My little brother was extremely nervous though. My mom got him with
the whole better for your future talk. He thought he’d grow up to
be a hobo if he didn’t get in. He literally cried for a whole hour
after he found out I got in and not him. I almost did too for the
opposite reason, but I burst out laughing at the irony of it. It’s
a good thing they gave him a second chance the next month.
That night, my mom gave me the good for your future lecture too. It
kept me up all night.
The more I thought about, the more I knew that my
future isn’t going anywhere at that school. Hula hooped during
history, got the whole class to stay up all night and then sleep
all day in class the next day, and helped at least six people pass
the English final exam by shouting out all of the multiple choice
answers aren’t exactly the most impressive things to put on my
college application.
By the next morning, I knew that I had to suck it up for my future.
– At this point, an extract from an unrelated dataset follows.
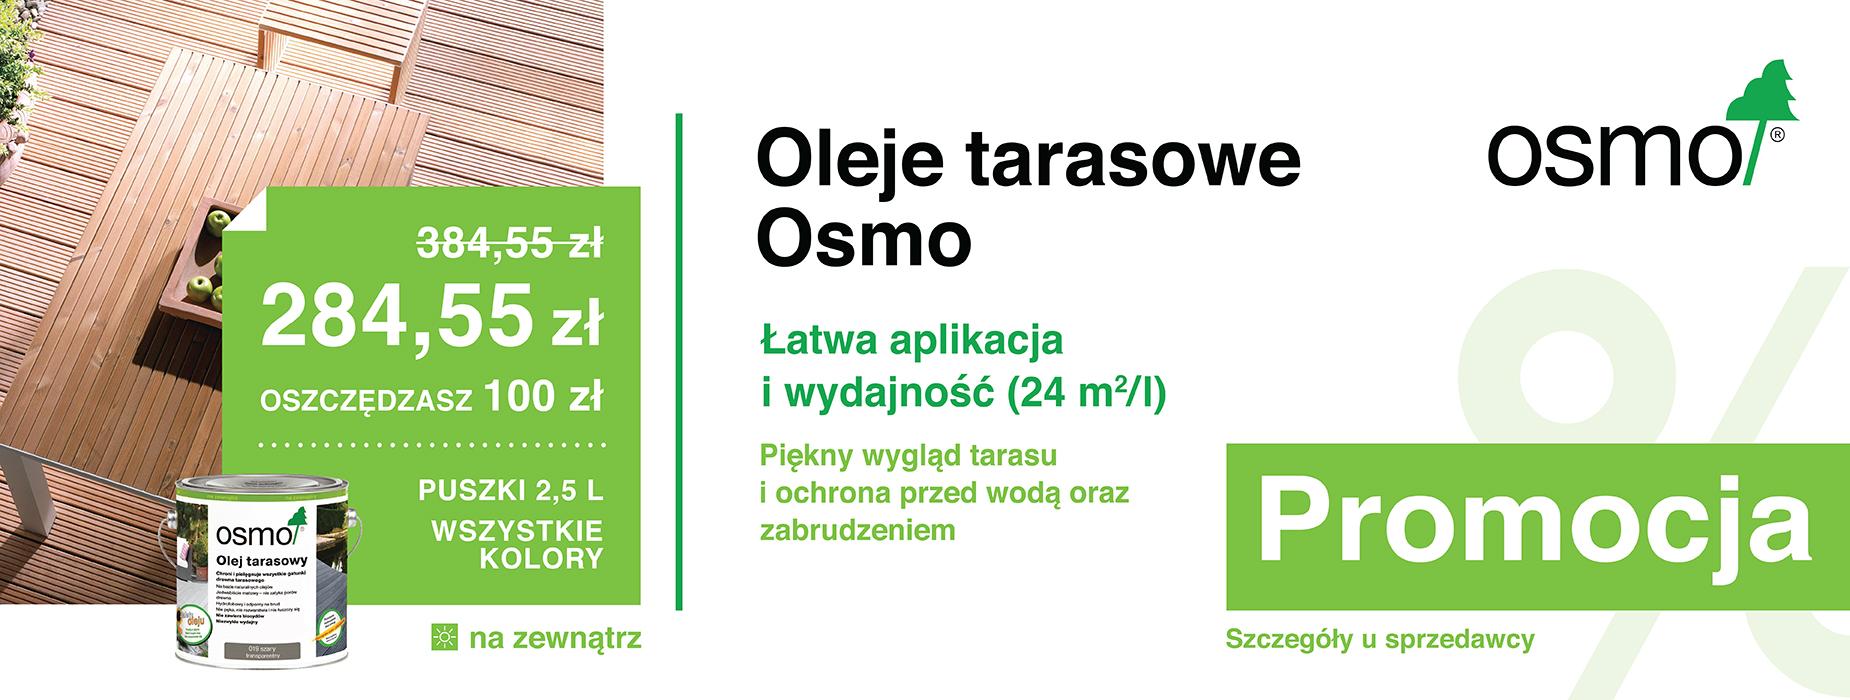 Oleje tarasowe Osmo Promocja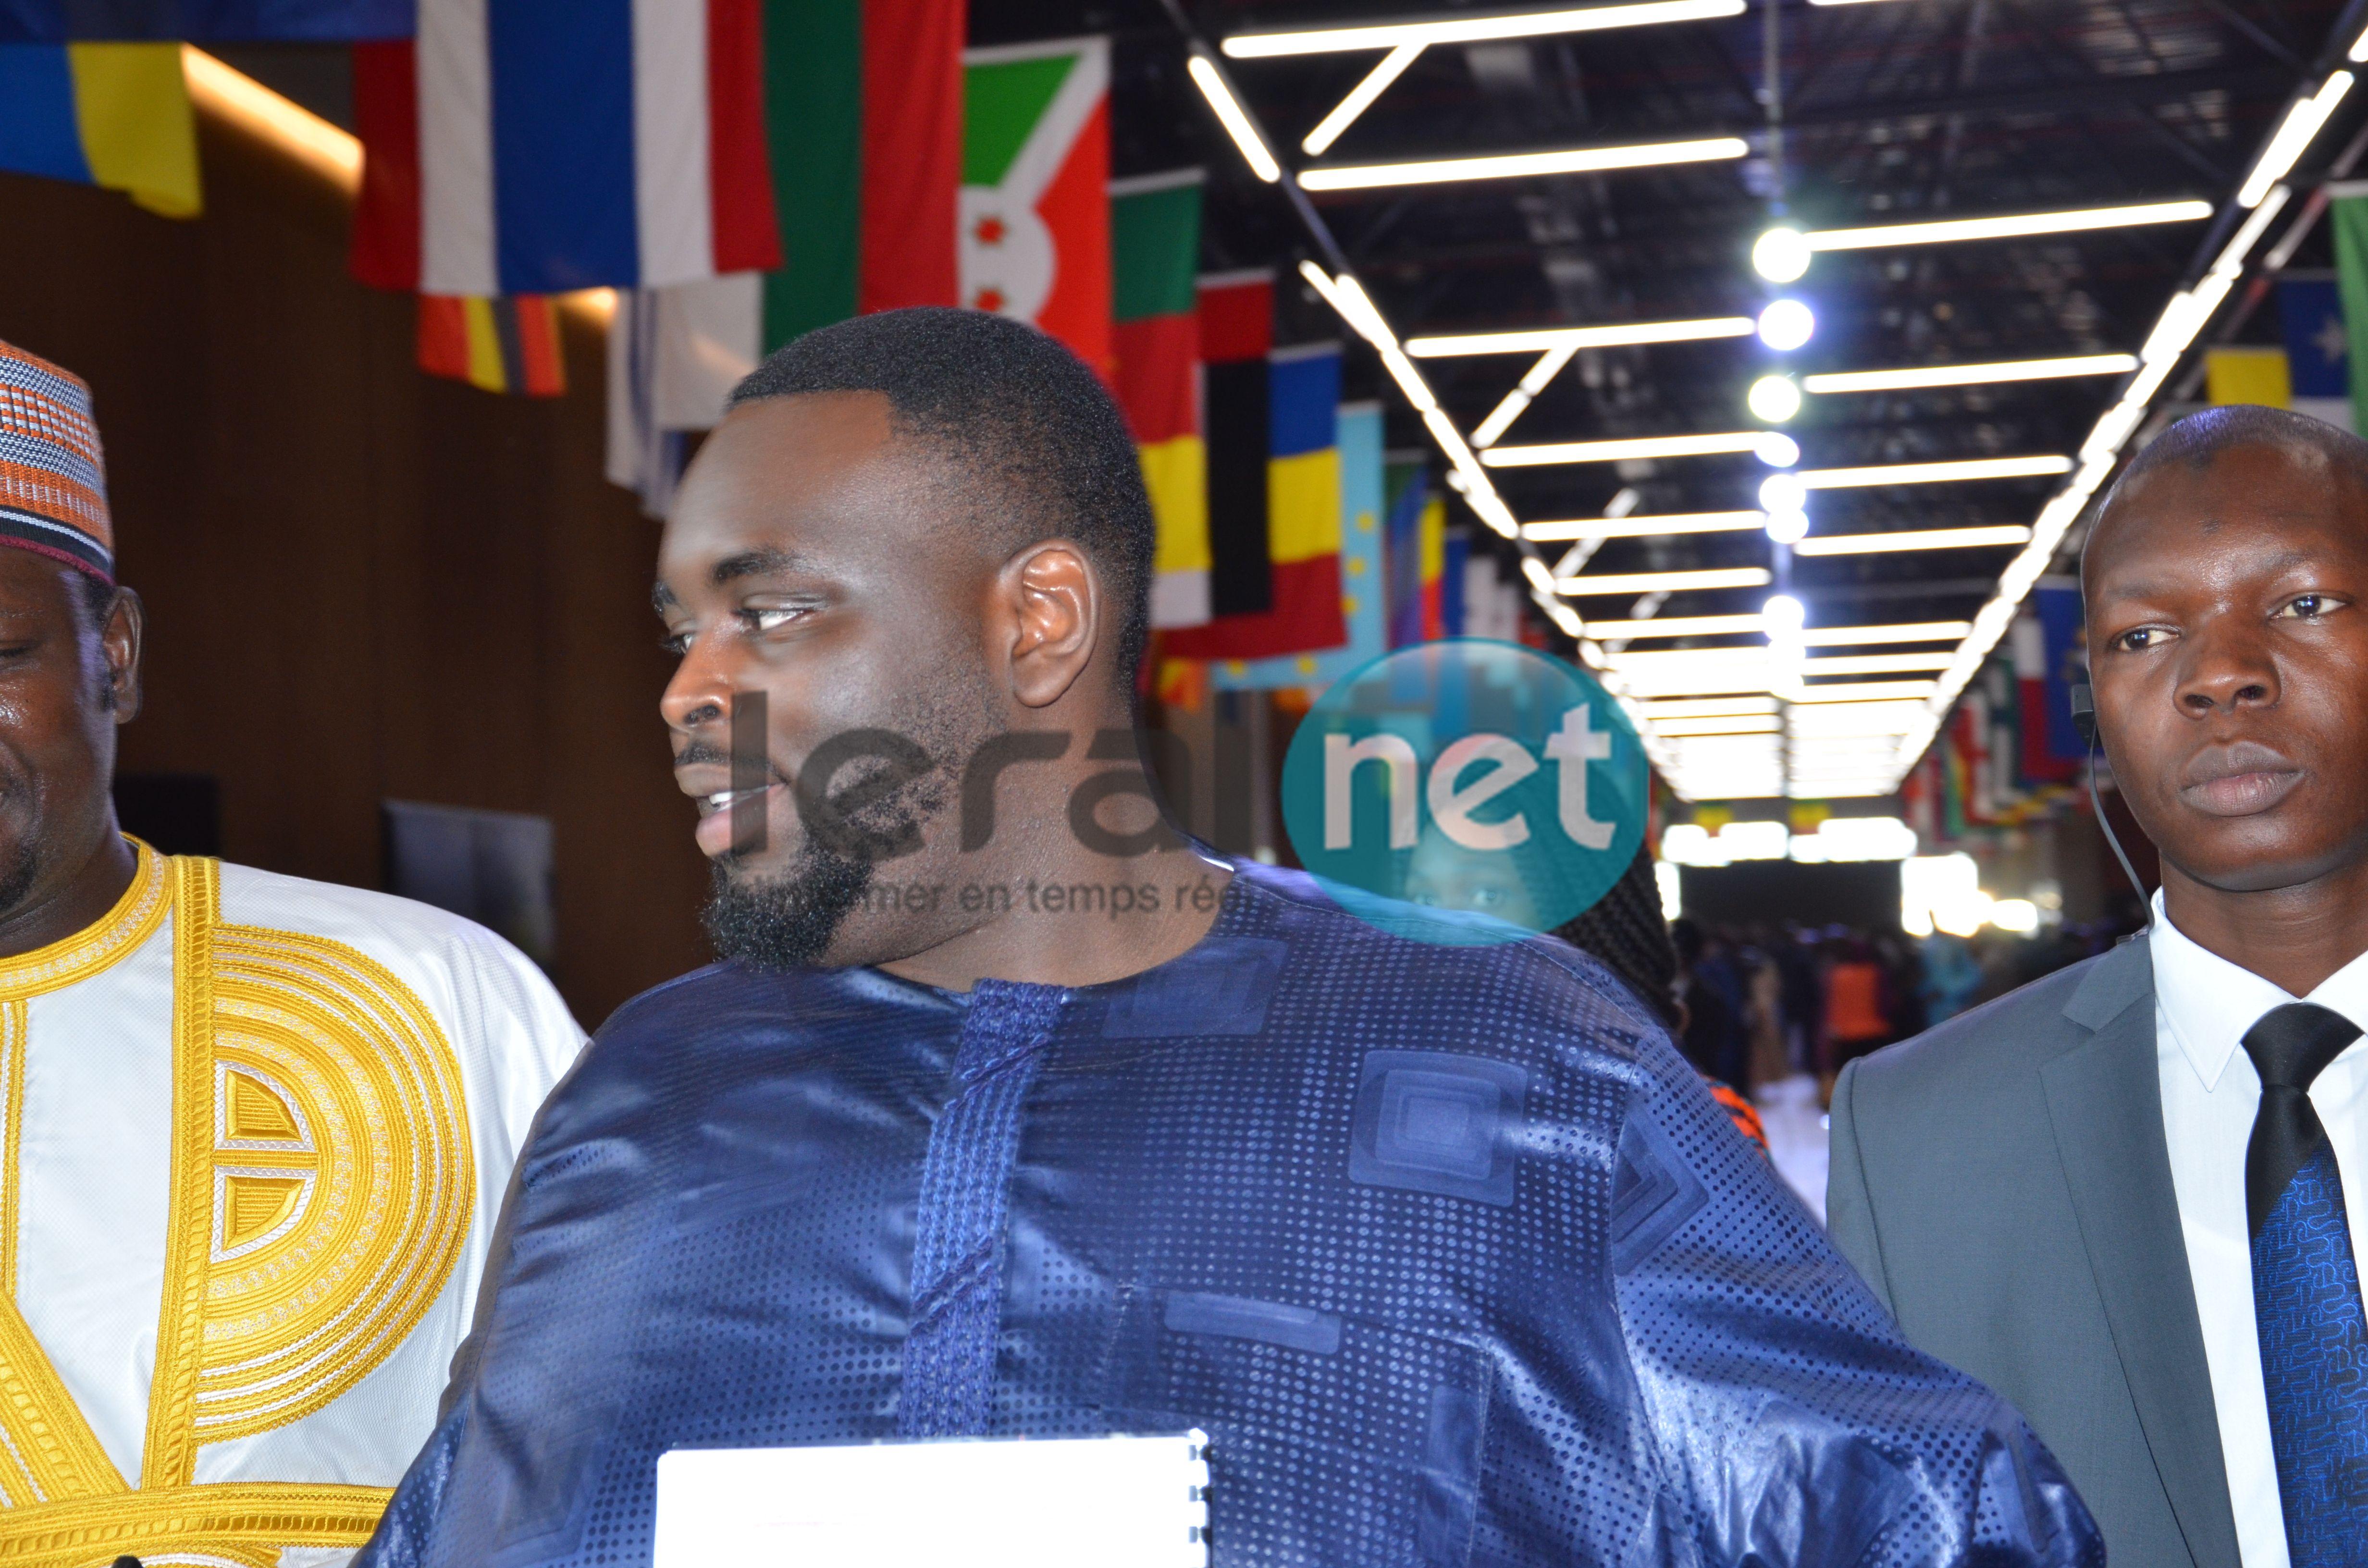 PHOTOS - Amadou Sall à la cérémonie d'investiture de son père à Diamniadio

Before I could regret it, I told my mom wire the money for next
year.
Looking back on my path to now, I can see how twisted it was. Parts
of it were so narrow and dark I wandered off into the woods. I just
hope that I’m on the right path now. I guess that if I was in
Canada, this would be my first year of high school. I would be
walking to seven eleven for slurpees after school instead of
getting squashed by strangers on the subway. Instead of Chinese
class, we’d have French class, and pollution would be this far away
concept buried in the back of my mind.
I’ve changed
so much too. Now I know that there’s so much to know in the world I
would turn 693 before I knew it all. I now admit that I really have
no idea where I’m going, and I should really just sit back and
enjoy the ride instead of trying to control it all. I am no longer
afraid of the dark, because I have accepted the unknown.